After that there were random thoughts. Every man I saw, every person I saw, I would view as a potential sex partner. Oh, not really, not the way it sounds. Not the way it is with nymphomaniacs who stare at the crotch of every passing man and try to imagine what his organ feels like. Nothing that abnormal. just the sort of sexual speculation, the I-wouldn’t-do-anything-about-it-but-there’s-no-harm-in-window-shopping attitude that the average married person goes through all the time. Of course I speculated that way with girls as well, probably because I’d had experience in that direction as well, but otherwise it was nothing unusual. Except that it was unusual for me because we had six months of this crazy total emotional and physical fidelity.

So that was when it started for me. And it was happening about the same time for Paul. Exactly the same time, as we found out later. Again, nothing really happened. Just urges.

PAUL: I was responding to other women, that’s all. It didn’t upset me nearly as much as it did Sheila because I knew that every man does this all the time. Also it came up more gradually; I didn’t suddenly get hot in a doctor’s office.
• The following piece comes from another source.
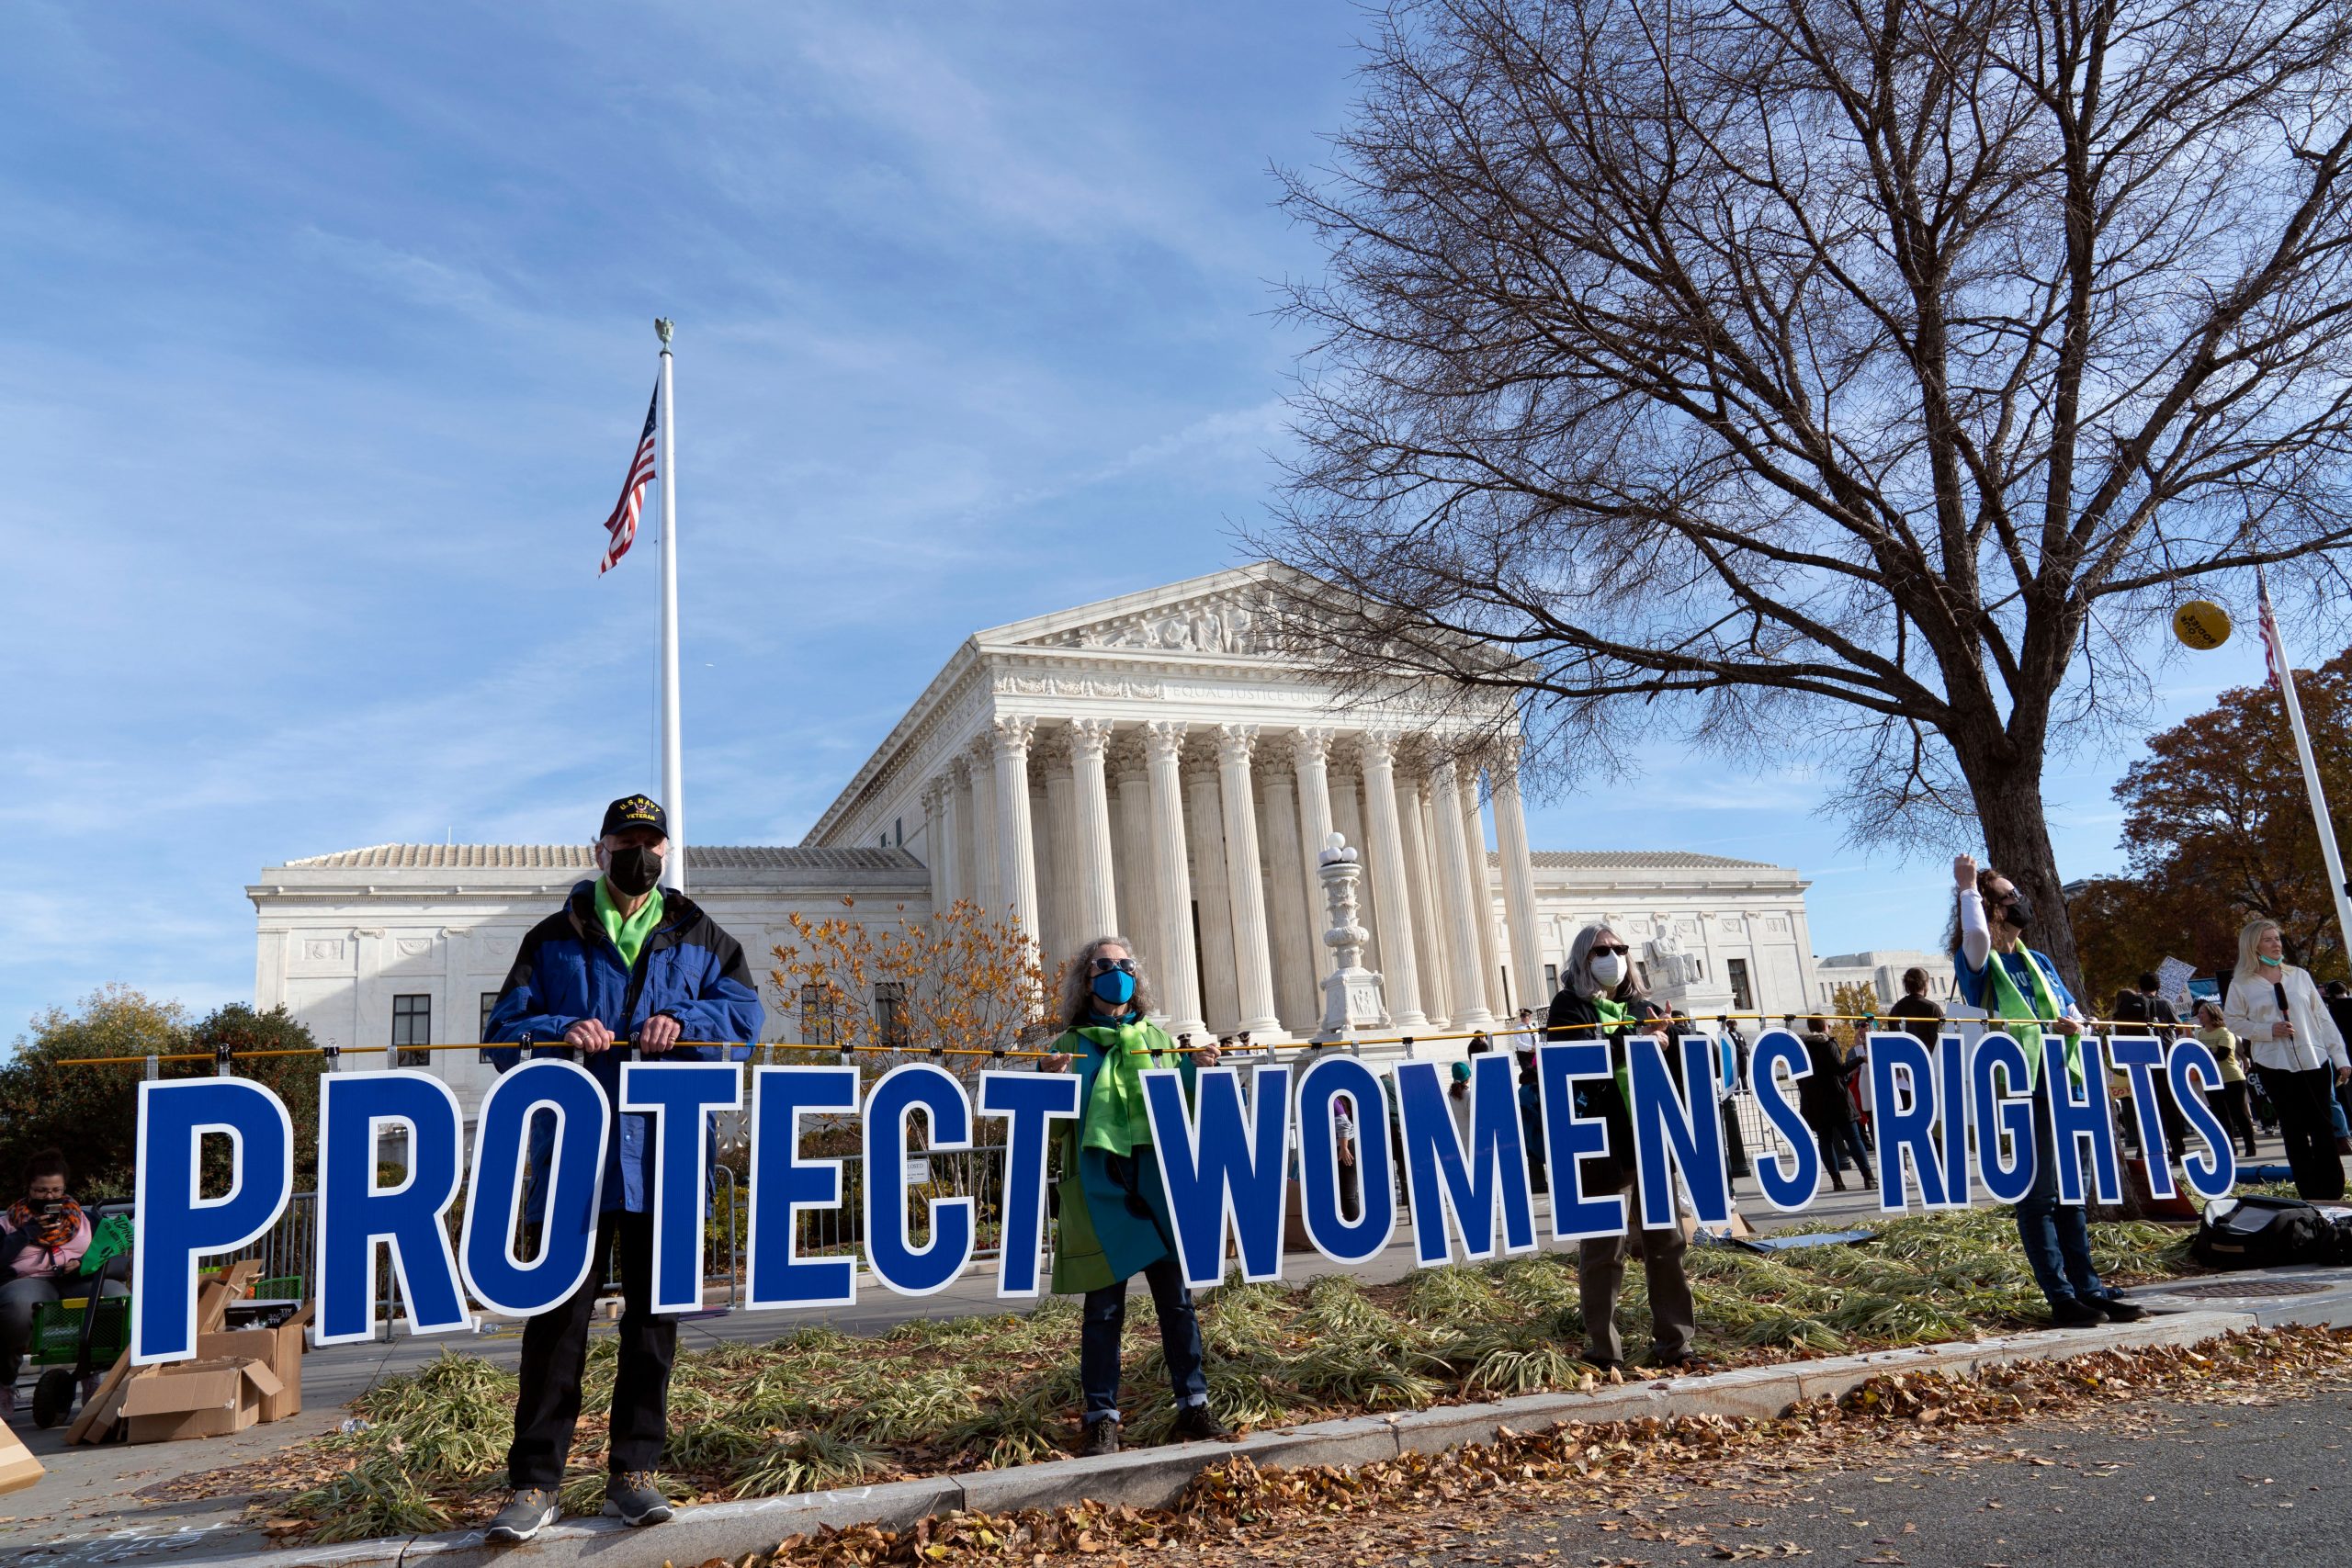 Few Americans want Roe overturned, but abortion opinions vary widely

I didn’t intend to do anything about it, either. I considered it — there was a young kid in the office who made it fairly obvious that she thought I was the greatest thing since sliced bread — but it never went farther than that. As far as I was concerned, all this was only evidence that I was becoming human again. I wasn’t as isolated from society as Sheila was. I was at the office seeing people every day, and I knew that every normal man my age was either cheating on his wife or else wanted to, but didn’t have the guts. The ones who weren’t doing it talked and joked about it all the time, and the ones who kept quiet were getting all the action they could handle. And these people weren’t swingers, understand, just ordinary men who would have turned green at the thought of sharing their wives with other men. Just ordinary American husbands who believe in ordinary cheating.